Publicado en Tras la huella de Sade, Zaragoza, Colección La Delicia del Pecado, 2015, pp. 12-23.Sade Pintura

La profusa e inabarcable bibliografía internacional sobre el marqués de Sade y la humilde reflexión en cuanto a que poco podría yo aportar a tan rico acervo hermenéutico me llevó a reflexionar sobre cuál habría sido la suerte histórica de Sade en la, al menos hasta hace unas décadas, tan casi siempre mojigata España. De hecho, cuando uno se asomaba a la literatura, Sade estaba en boga. Se empezaban a poder conseguir sus libros en el mercado, en las revistas culturales afloraban artículos sobre el personaje y la moda del estructuralismo y el psicoanálisis lacaniano tenían en el marqués uno de sus más frecuentes motivos recurrentes. Así, en 1967, se había publicado en París la versión definitiva de la biografía de Gilbert Lély[1], uno de los libros canónicos acerca de Sade, y figuras tan influyentes en la cultura de la generación que culminó en el mayo francés, como Georges Bataille, Maurice Blanchot, Simone de Beauvoir o Roland Barthes, habían emprendido una vigorosa reivindicación aunque, como se verá, tuviera su fundamento en décadas precedentes.

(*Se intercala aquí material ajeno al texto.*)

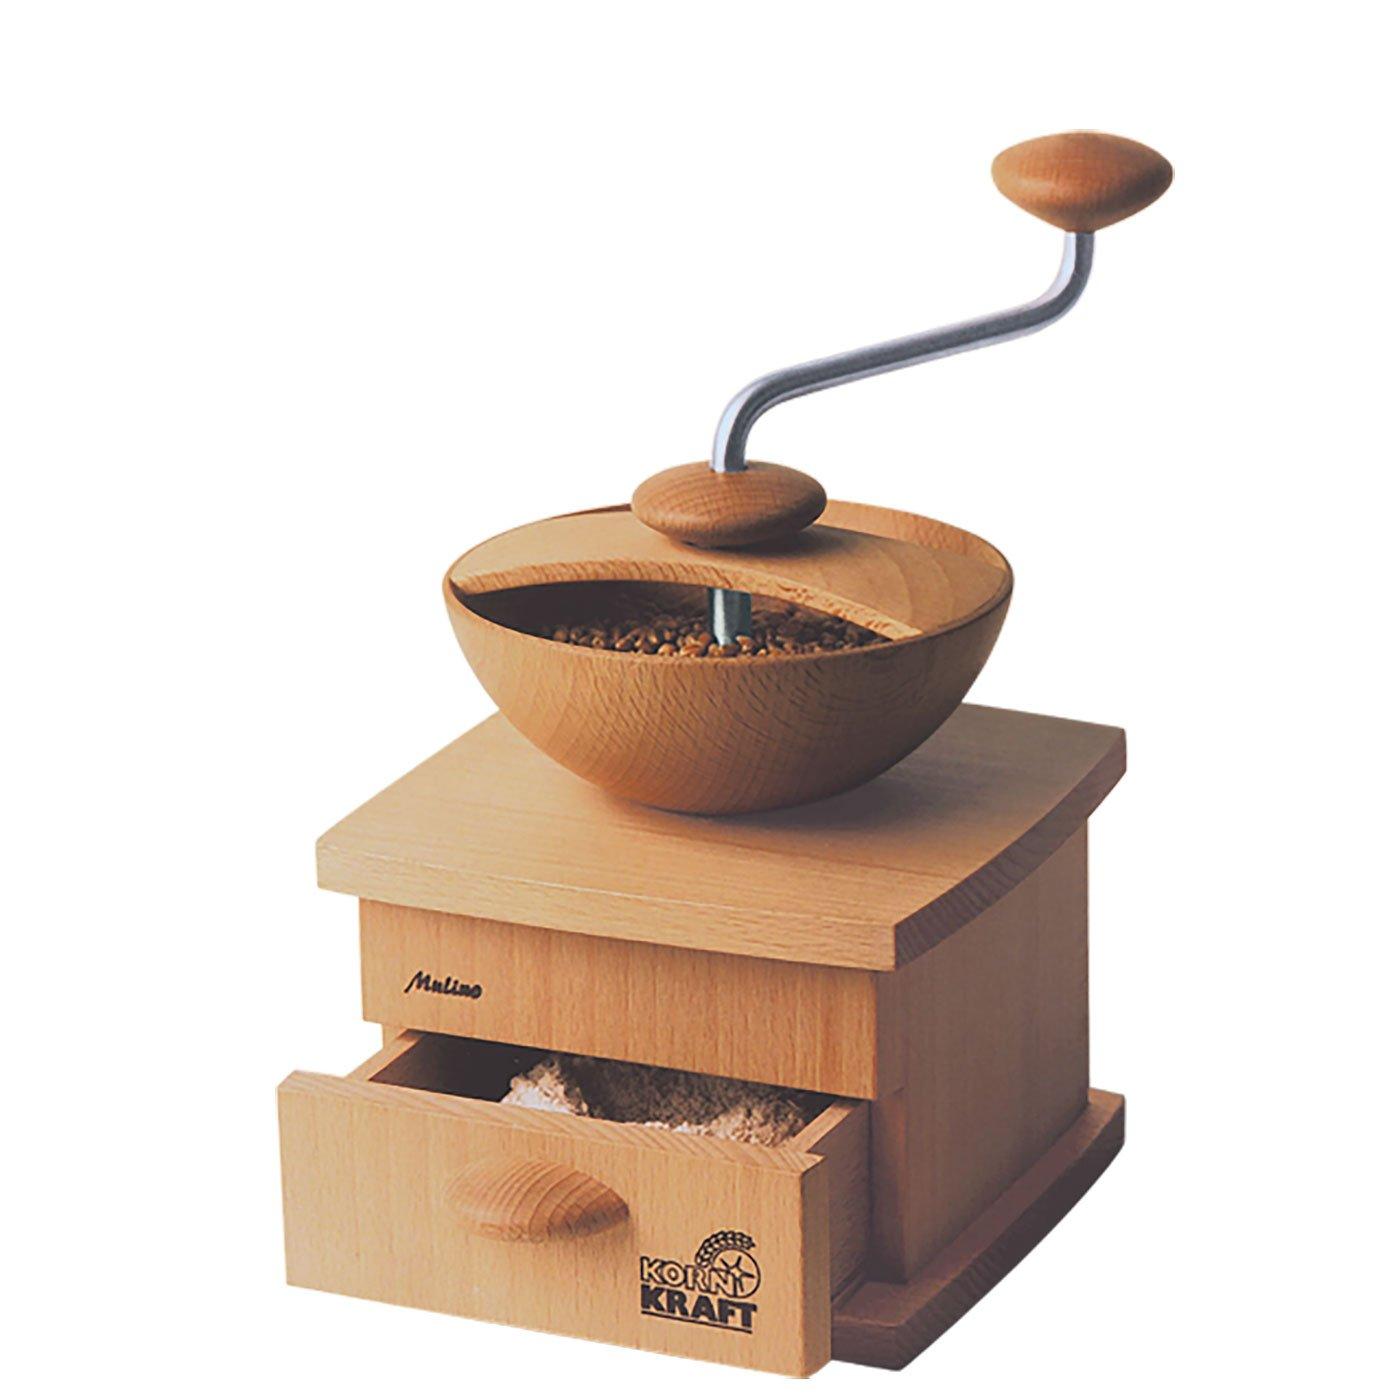 Kornkraft Mulino Grain Handmill

Al efectuar las necesarias comprobaciones, observé que a Sade no se le había traducido en España hasta 1969. Fue pionera la barcelonesa editorial Taber con Historia secreta de Isabel de Baviera, reina de Francia (1969), en versión española de María Ángeles Santa. Pero las obras más transgresoras (Los ciento veinte días de Sodoma, Justine, Juliette…), sólo se conseguían, y aún con dificultad, en ediciones mejicanas que procuraba bajo mano alguna librería de avanzada como “Cinc d’oros” en Barcelona.

Pero, evidentemente, la figura del heterodoxo francés había llegado al país más de una centuria antes y ésa es la pequeña historia que voy a desbrozar.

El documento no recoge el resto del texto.